Com mais de 50 anos de carreira, influenciando gerações de músicos e um legado imortal passado de pai para filho, o Deep Purple, junto com LEd Zeppelin e Black Sabbath, é um dos principais pilares do hard rock e heavy metal no mundo.

Em seu 21 álbum de estúdio os coroas mostram que apesar da idade avançada ainda mantém a energia vibração de outrora e continuam sendo uma banda extremamente relevante mesmo após décadas.

Claro que nem de longe estamos falando de um disco que chegue ao patamar de brilhantismo de petardos como “Burn”, Machine Head”, Fireball”, “In The Rocks” e tantos outros. mas também não são fiascos criativos como “Abandon” e “Bananas”.

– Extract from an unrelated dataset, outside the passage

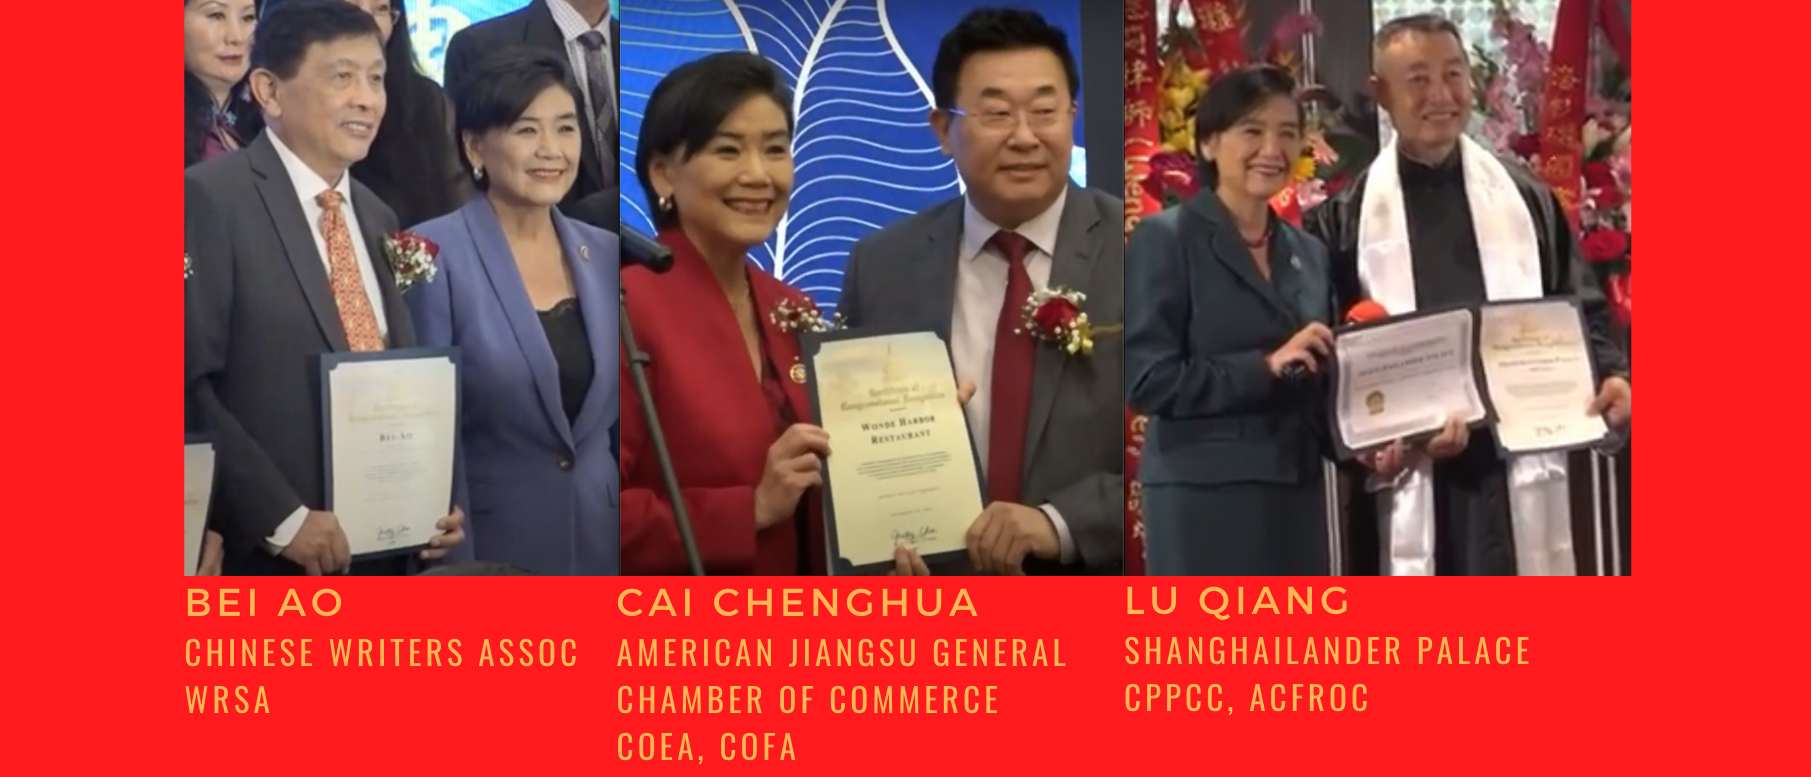 Rep. Judy Chu has granted certificates of Congressional recognition to 10 individuals who have belonged to alleged fronts serving the United Front Work Department of the Chinese Communist Party and has also held honorary positions in two organizations with alleged Chinese intelligence ties. Image created by the Daily Caller News Foundation.
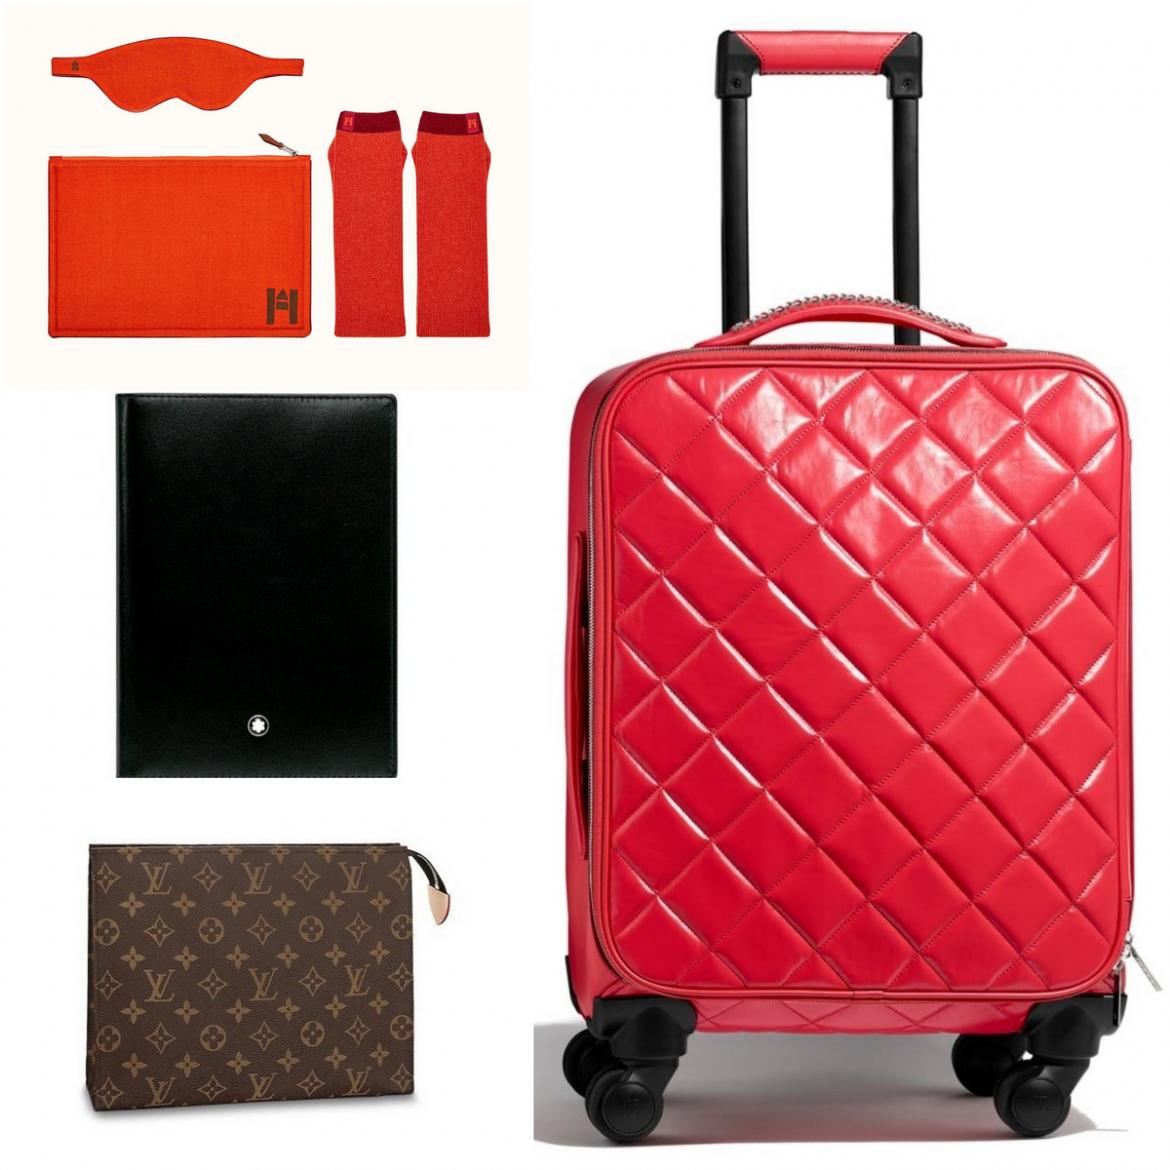 Hey girl boss! Here are some luxe travel accessories for first

Mais uma vez a banda contou com o competentíssimo produtor Bob Erzin, que assinou os três últimos discos da banda e discos da magnitude de School’s Out (1972) de Alice Cooper, Destroyer (1976) do Kiss e The Wall (1979) do Pink Floyd.

Mantendo o alto astral e o clima leve dos discos anteriores, “Now What?!” (2013) e “Infinite” (2017), com composições predominantemente curtas e diretas, “Whoosh!” parece soar como o a última parte de uma trilogia da fase atual da banda.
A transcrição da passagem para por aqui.